167. Graham Lambkin | Salmon Run
(Kye, 2007)
This is a really odd congruence of classical music samples, haunted house atmospherics, and electronic noise. Lambkin's field recordings merge with operatic arias and gorgeous string movements, giving the impression of this old music being pumped into a particularly rich sonic environment: bird calls, creaking floorboards, unhinged laughter, humming, tinkling chimes, eerie drones and processed snorting noises. It's all so weird, so off-kilter, and it keeps the listener unbalanced as well, unsure of what's coming, unsure of how these disparate sounds — can there be any greater gulf than that between classical music and pig noises? — can coexist within the same space.
166. Strountes | s/t
(Slottet, 2006)
It's hard to think of a more counterintuitive trio than the union of Anla Courtis (of Argentine psych-rock outfit Reynols), free jazz saxophonist Mats Gustafsson and Swedish bubblegum pop vocalist Maria Eriksson. This unlikely trio make some very warped music, with Eriksson's murmured sweet nothings and hummed melodies dancing atop folksy acoustic guitar, crunchy feedback and electronics, and the blurting, squealing tones of Gustafsson's sax, which often seems to be emanating from another space altogether. The music holds together, surprisingly, and the tension between these seemingly irreconcilable elements adds to its odd appeal.
165. Brian Wilson | SMiLE
(Nonesuch, 2004)
There was never any question of Brian Wilson today finally finishing SMiLE just the way he might have back in the 60s. But if you ignore the album's status as the great lost legend of the psychedelic era, an album many believe might've been one of the best ever if it'd actually been completed, his new take on SMiLE is an endearing, satisfying recording in itself. It's the work of a man now old enough to look back on all the drama and legend surrounding this record with a faint nostalgic glow, and deliver a charming, poppy, slightly silly take on all the old tunes he never got to polish up just so.

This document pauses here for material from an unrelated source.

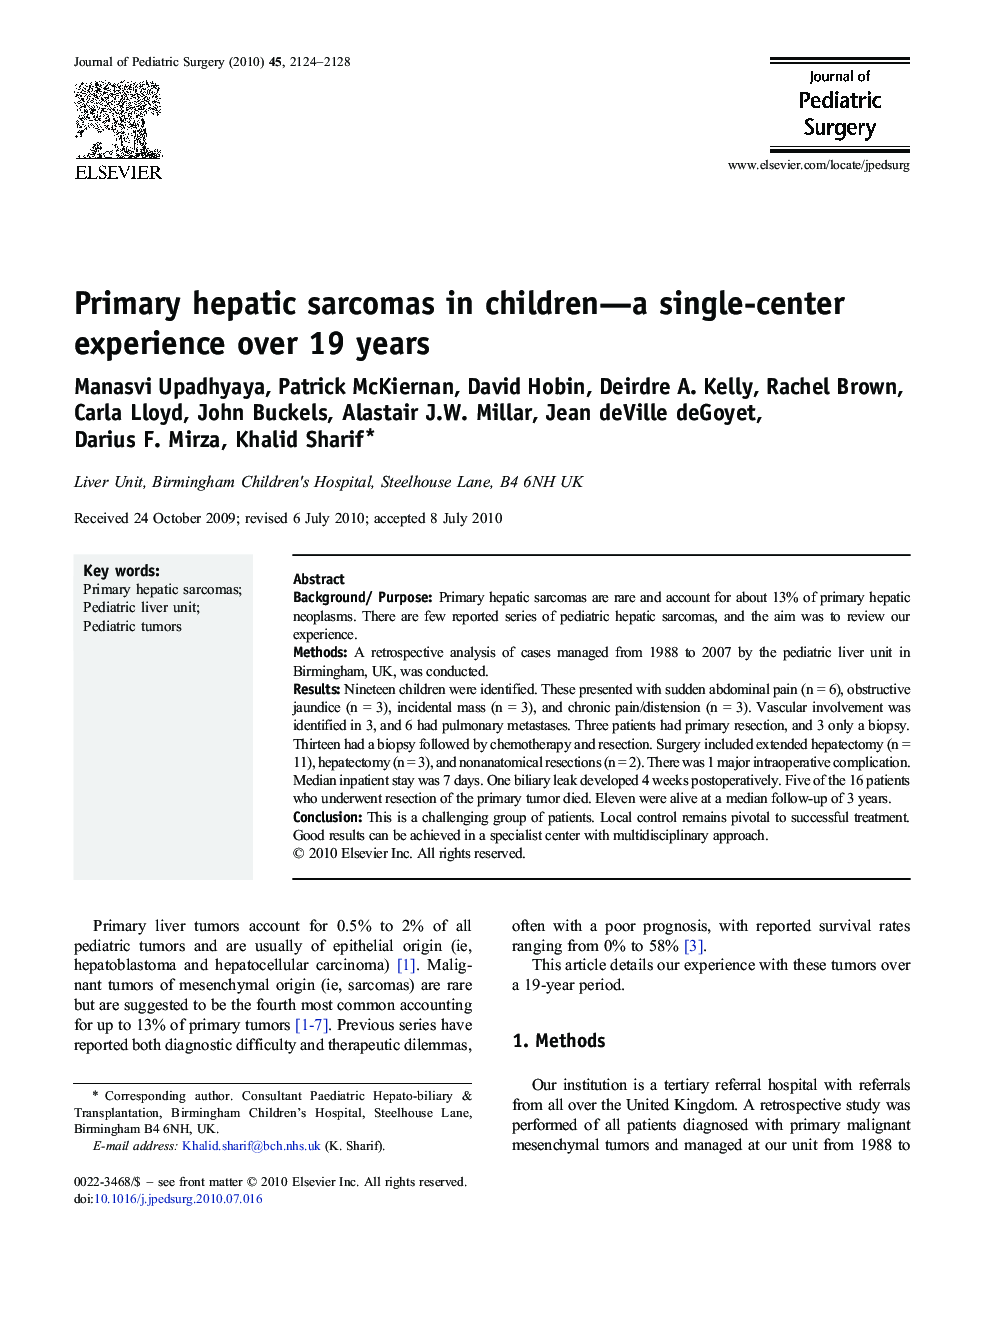 Primary hepatic sarcomas in children—a single-center experience over 19 years

164. The Fiery Furnaces | I'm Going Away
(Thrill Jockey, 2009)
On the Fiery Furnaces' eighth album — and their best since Blueberry Boat — the core sibling duo of Matthew and Eleanor Friedberger tame their sound somewhat, trading in restless prog structures and spiky dissonance for a set of comparatively straightforward modern blues tunes. They're still prone to melodramatic vocals and songs built around chains of stylistic detours, but by toning down their more overtly weird moments, they haven't sacrificed any of their unique charms. Instead, these pop R&B tunes channel the duo's emotional catharsis into tight, accessible melodies and complex but no longer schizophrenic arrangements.
163. Sudden Infant | Invocation of the Aural Slave Gods
(Blossoming Noise, 2005)
Longtime Austrian noise provocateur Joke Lanz is here joined by collaborator Annie Stubbs for a weird mashup of harsh noise, pounding industrial-metal, performance art theatrics and other oddball bits and pieces. The duo transform the Damned's "Nag Nag Nag" into a nutty industrial stomper, with sound effects flying crazily through the chunky noise maelstrom. They close the album out with another cover, turning Roxy Music's "In Every Dream Home a Heartache" into a creepy, creaky ballad with Stubbs' deadpan vocals drifting through a distorting echo chamber. The rest of the album careens unpredictably between various modes, from Lanz's repertoire of gagging and retching noises to Stubbs' cymbal crashes to the noisy outbursts where it's impossible to figure out exactly what is going on. It's chaotic, and often kind of goofy and kind of terrifying all at once.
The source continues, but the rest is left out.